China overtook Australia as our top export destination for the first time in the March 2013 quarter, Statistics New Zealand said today.
The strong and continuing lift in exports to China helped New Zealand to a higher-than-expected overseas merchandise trade surplus of NZ$718 million (16% of exports) in March. The monthly figures are not seasonally-adjusted, while the quarterly figures are.
The March surplus compares with an average deficit of NZ$354 million (8.3%) of exports over the previous five March months.
For the quarter, there was a seasonally adjusted trade surplus of NZ$52 million, equivalent to 0.4% of exports. This follows a deficit of NZ$59 million in the December 2012 quarter.
During the quarter, goods exported to China were valued at NZ$2.3 billion. That is up NZ$554 million, or 32% compared with the March quarter a year ago. The figures by country are not seasonally adjusted.
In just the month of March alone, exports to China showed the largest increase, up NZ$278 million or 47%. This was led by meat and edible offal, up NZ$91 million 247%, whole milk powder, up NZ$78 million (66%), and pine logs, up $74 million (102%).
In the March quarter exports to Australia - now our second-largest export market - were valued at NZ$2.2 billion.
Statistics New Zealand said that monthly exports to China overhauled those going to Australia for the first time in January this year and had continued to surpass the level of exports to Australia for every month of the quarter.

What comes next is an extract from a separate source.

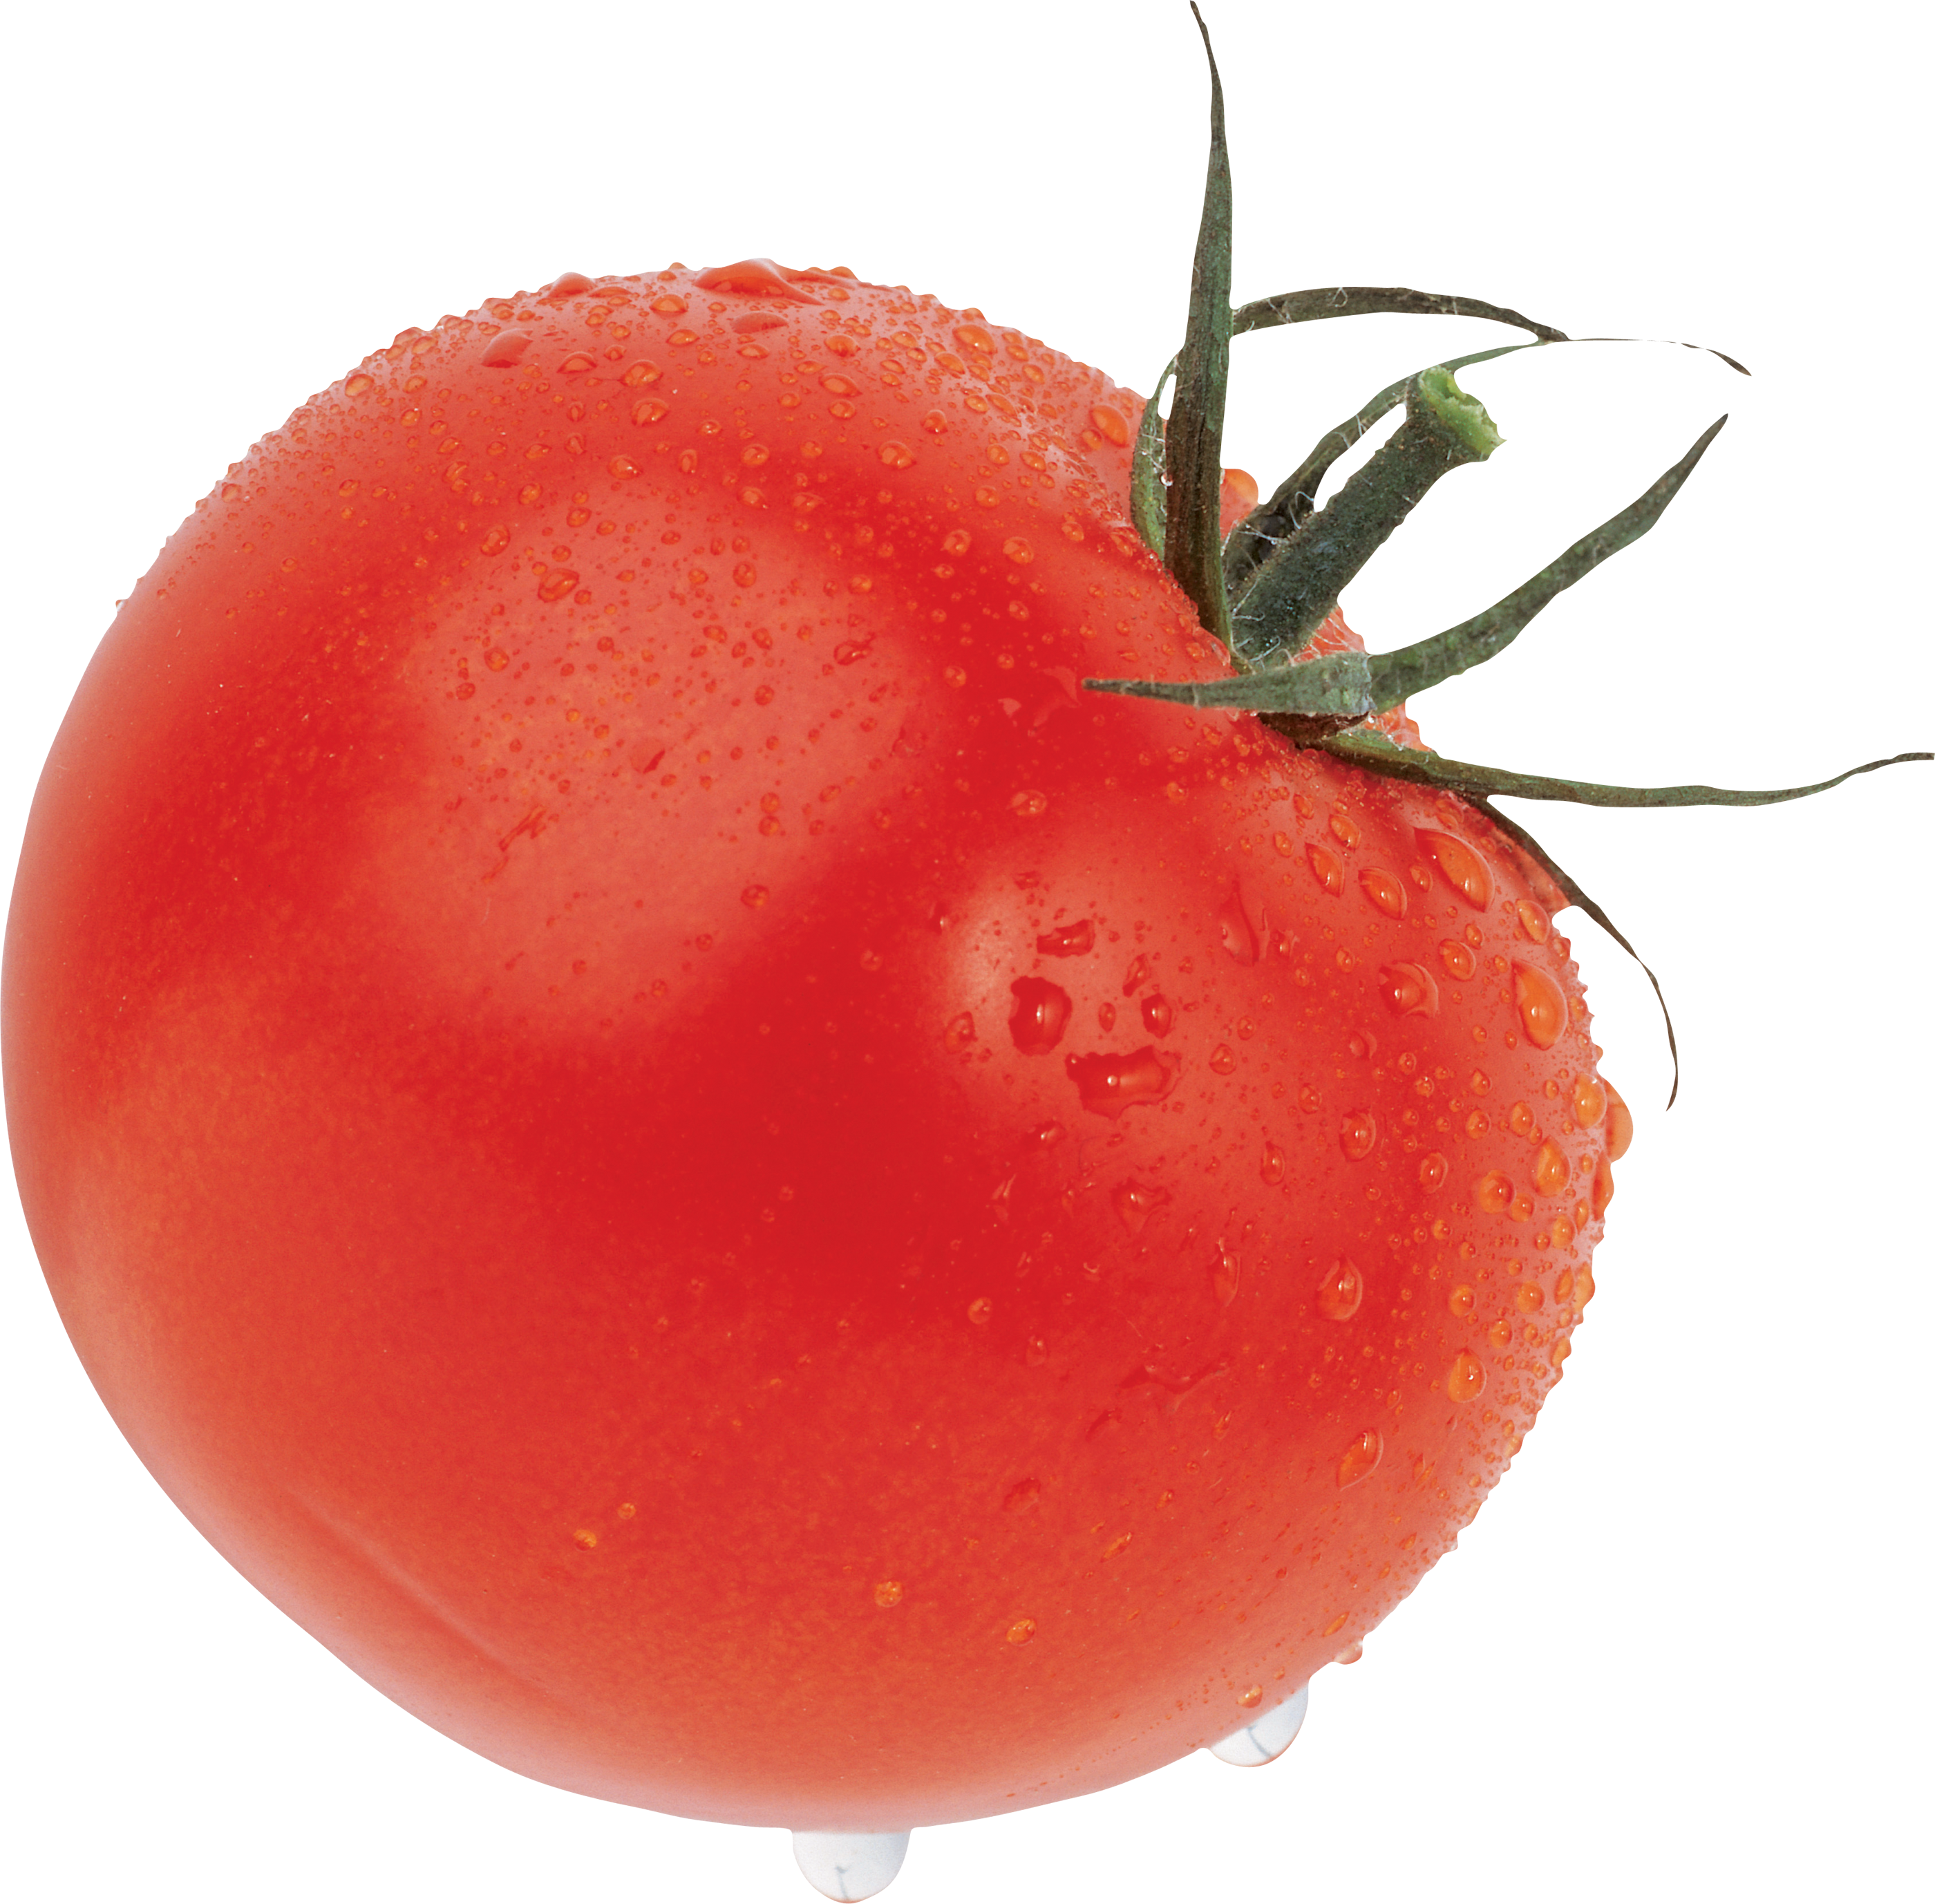 Tomate groß rot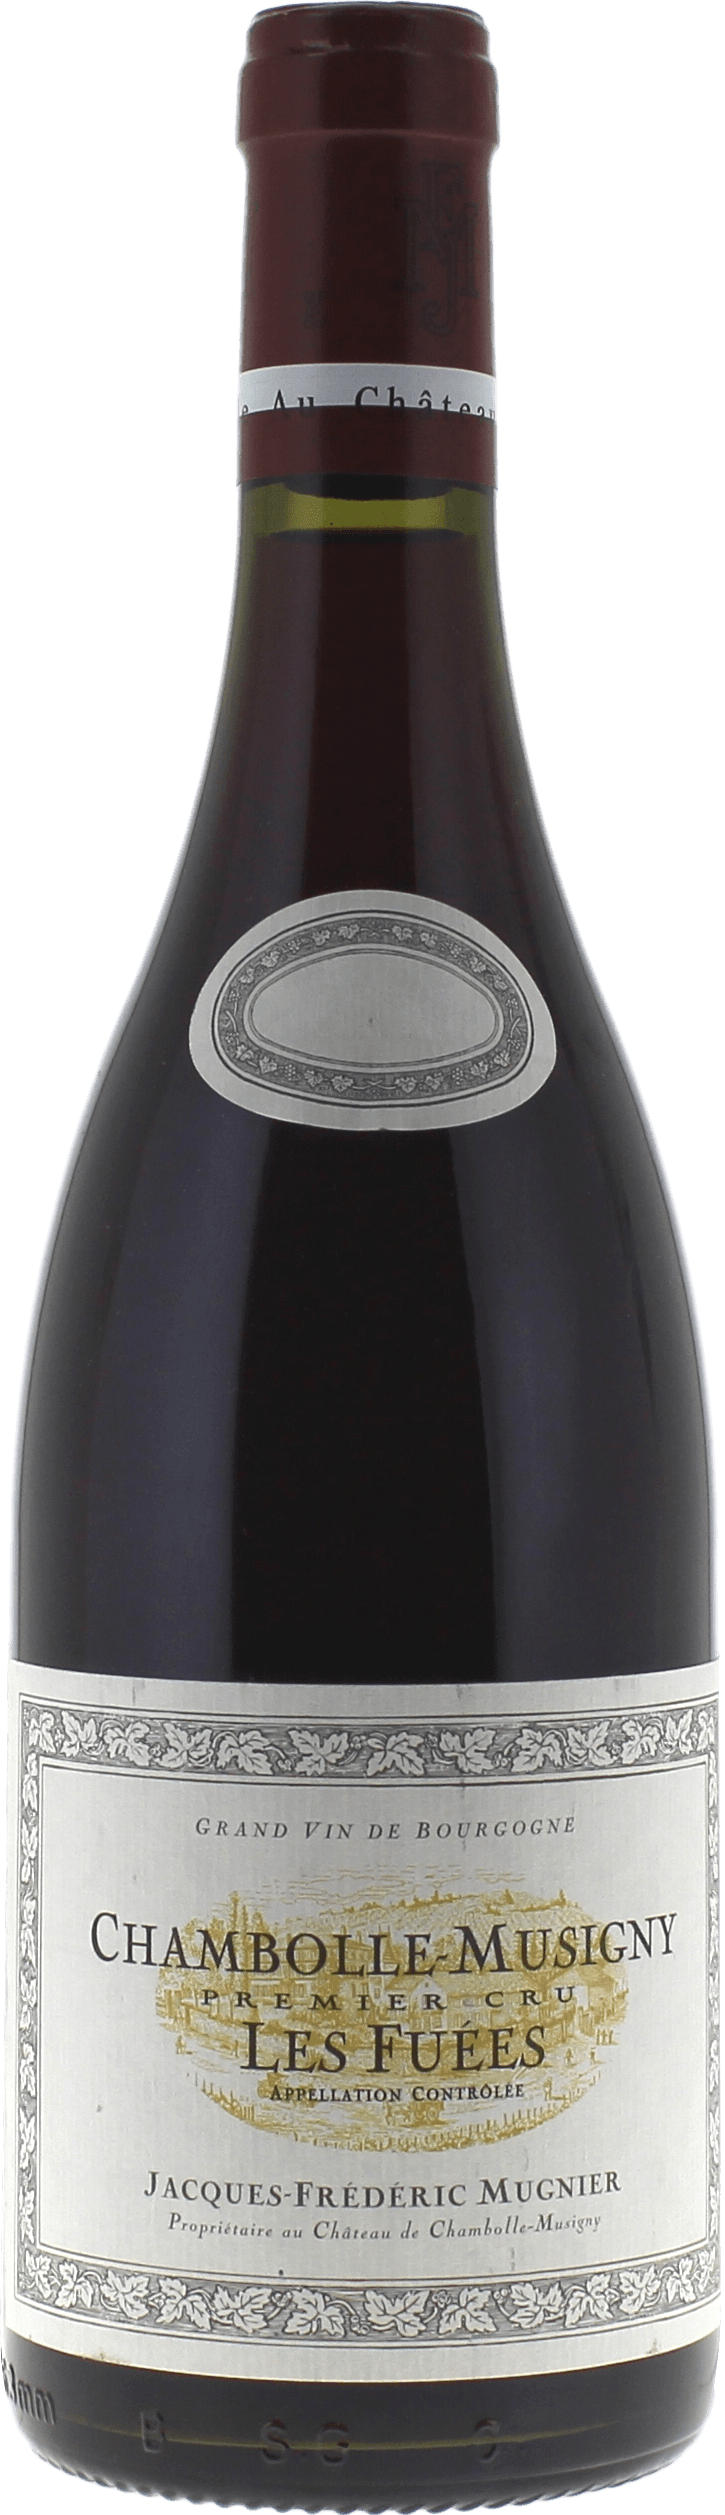 Chambolle musigny 1er cru les fues 2014 Domaine MUGNIER Jacques Frederic, Bourgogne rouge

"Twenty percent of goods exported from New Zealand went to China in the March 2013 quarter," industry and labour statistics manager Louise Holmes-Oliver said. "This compares with 15% in the same quarter last year."
The seasonally adjusted value of exported goods rose 0.8% in the March 2013 quarter to NZ$11.6 billion. This follows a fall of 2.9% in the December 2012 quarter.
Milk powder, butter, and cheese led the increase in the March 2013 quarter – values were up 3.5% (NZ$96 million), and quantities were up 3.6%.
The seasonally adjusted value of imported goods decreased 0.2% in the March 2013 quarter to NZ$11.5 billion, following a 1.6% fall in the December 2012 quarter.
For the March 2013 month, export values increased NZ$213 million (5.1%) to NZ$4.4 billion compared with the same month in 2012, while imports decreased NZ$319 million (7.9%) to NZ$3.7 billion.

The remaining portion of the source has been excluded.